Value learning for moral essentialists

Many people—people we want to persuade—are essentialists about morality and ethics. They give weight to the idea that just like how knowing facts about my shoes is possible because my shoes exist and interact with me, facts about what is right or good are possible because there is some essence of rightness or goodness “out there” that we somehow interact with.

This isn’t totally wrong. But I think it reflects the usual human heuristic of assuming that every category has an essence that makes it what it is. Put a human race in a world with water, air, and fire, and the first thing they’ll think is that the basic categories of water, air, and fire must somehow be reflected in the fundamental order of the world. And why does heat behave the way it does? The flow of heat substance. Why does opium make you drowsy? It has sleepiness essence.

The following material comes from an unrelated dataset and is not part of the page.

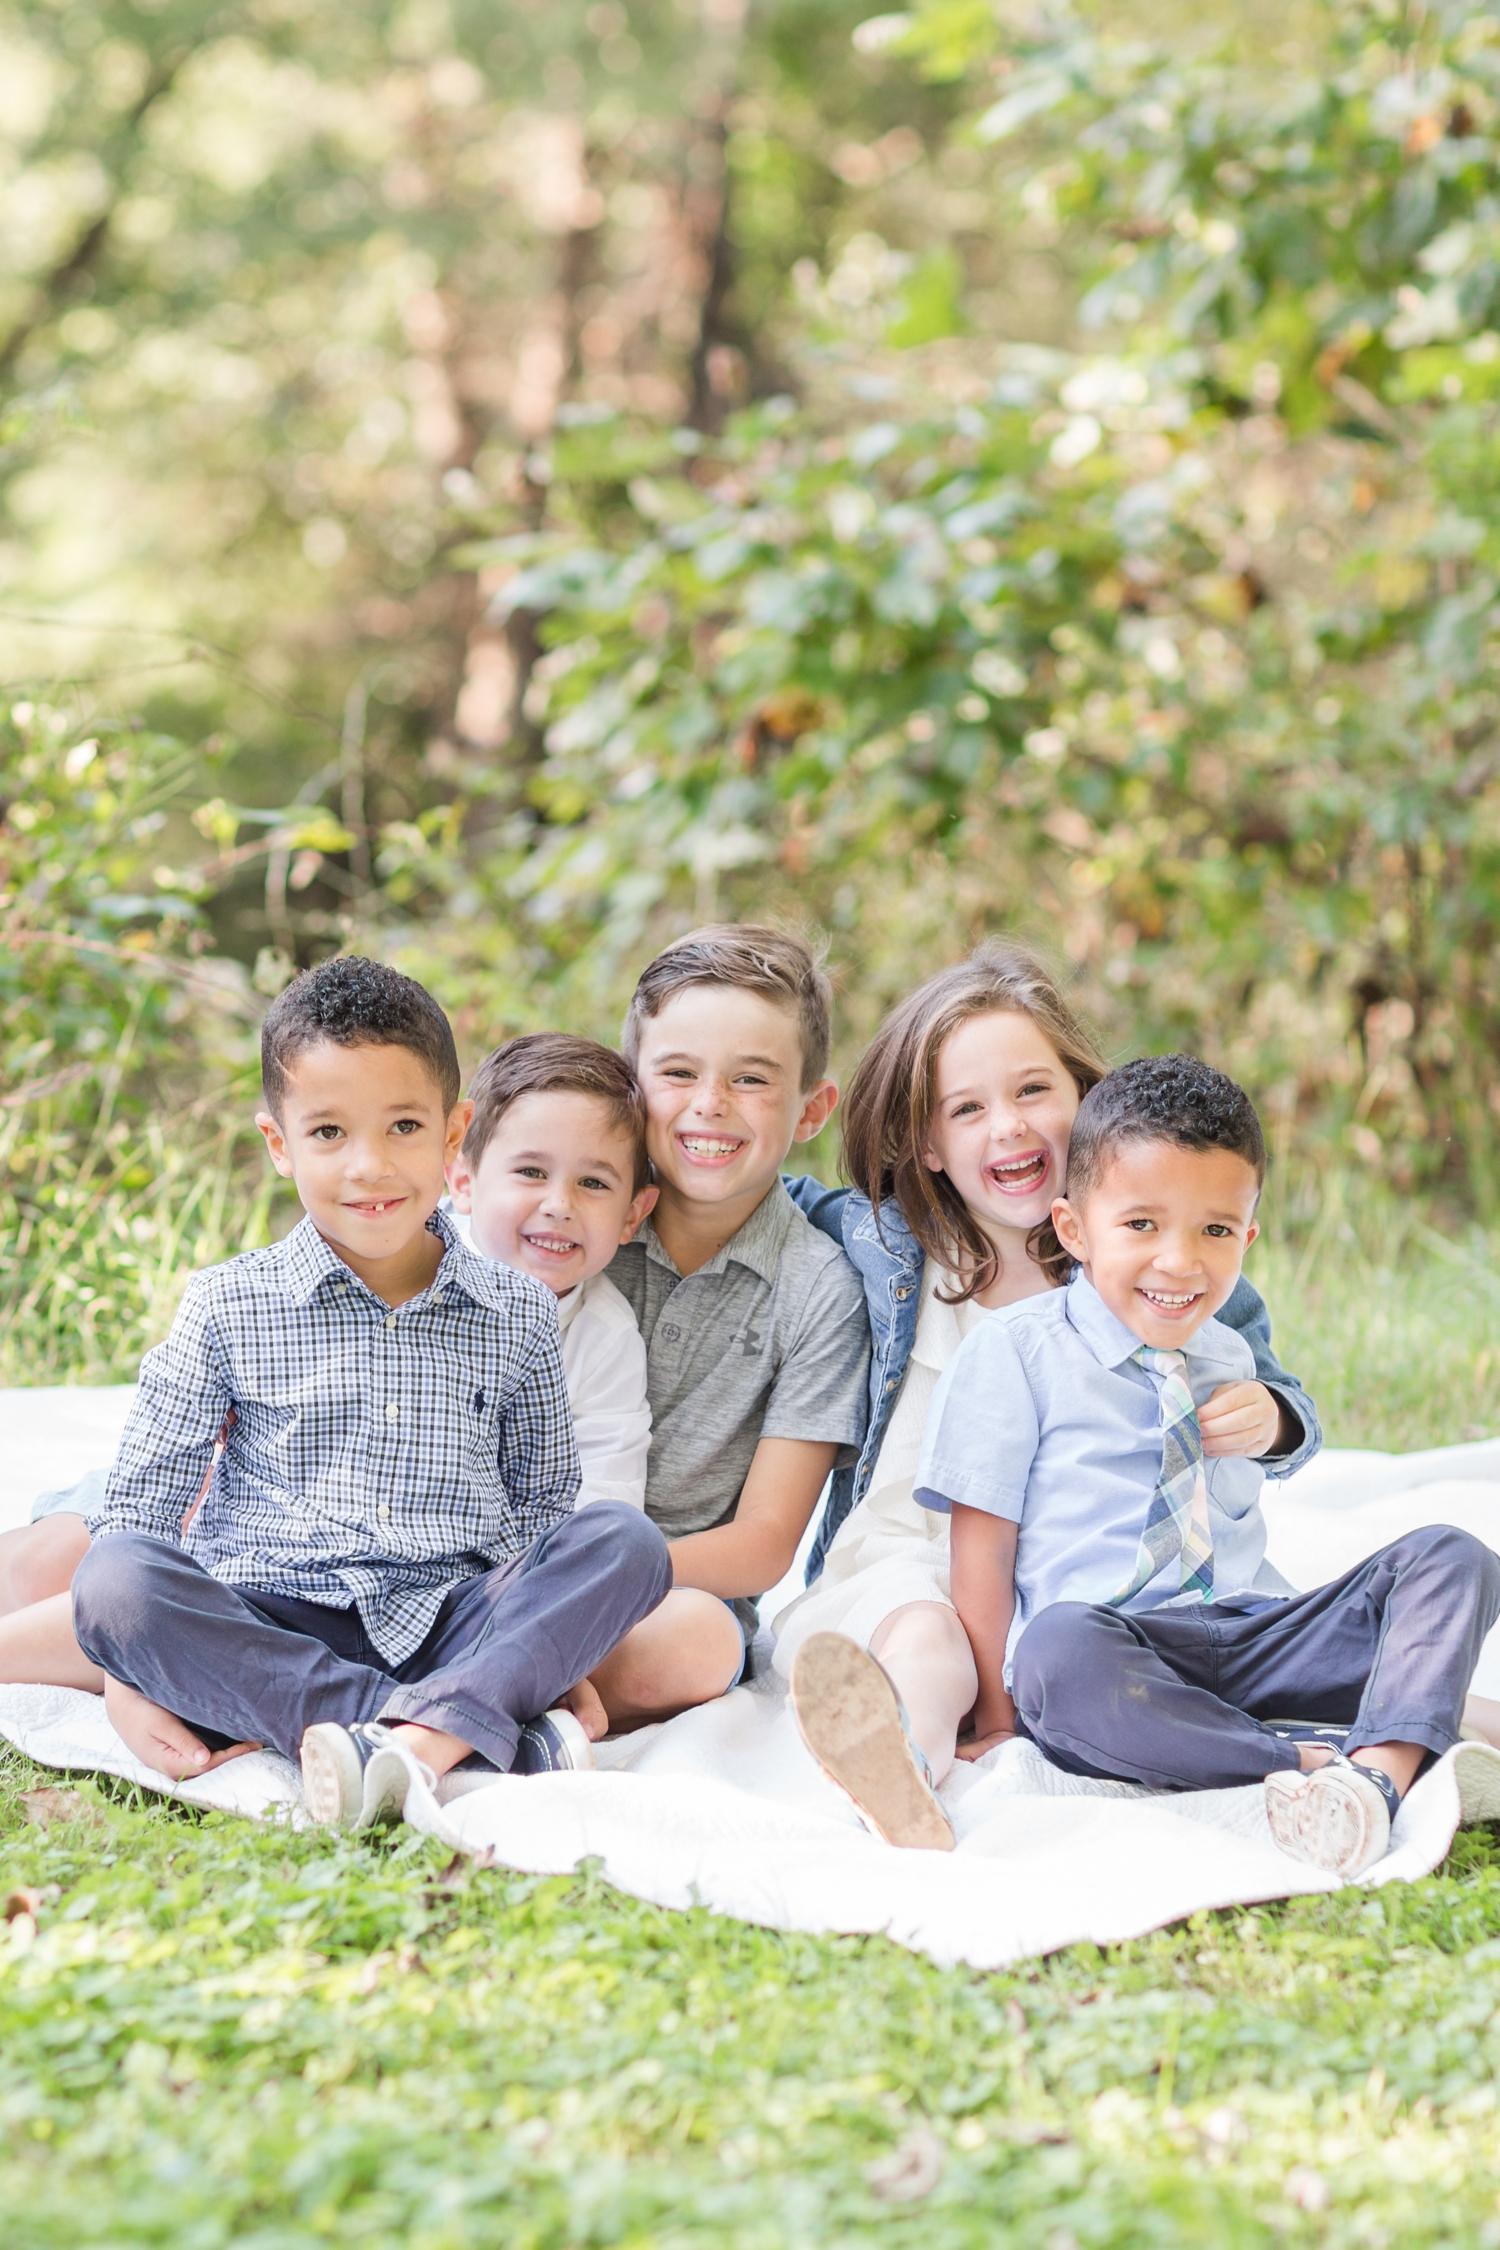 Smith-Padgett Family 2018-21_Jerusalem-Mill-Maryland-Family-Photographer-anna-grace-photography-photo.jpg

This sort of heuristic passes for everyday use, but if you assume that goodness is a fundamental part of the world, the idea of an AI learning to do the right thing is going to sound a bit weird. How can we talk about value learning without even once checking if the AI interacts with the goodness-essence?

This post outlines the sort of strategy I’d use to try to get people following essentialist intuitions on board with value learning. I’ll indirectly rely on some properties of morality that behave more like a pattern and less like an essence. I’d definitely be interested in feedback, and if you have moral essentialist intuitions, please forgive me for framing this post as talking about you, not to you.

1: Why bother?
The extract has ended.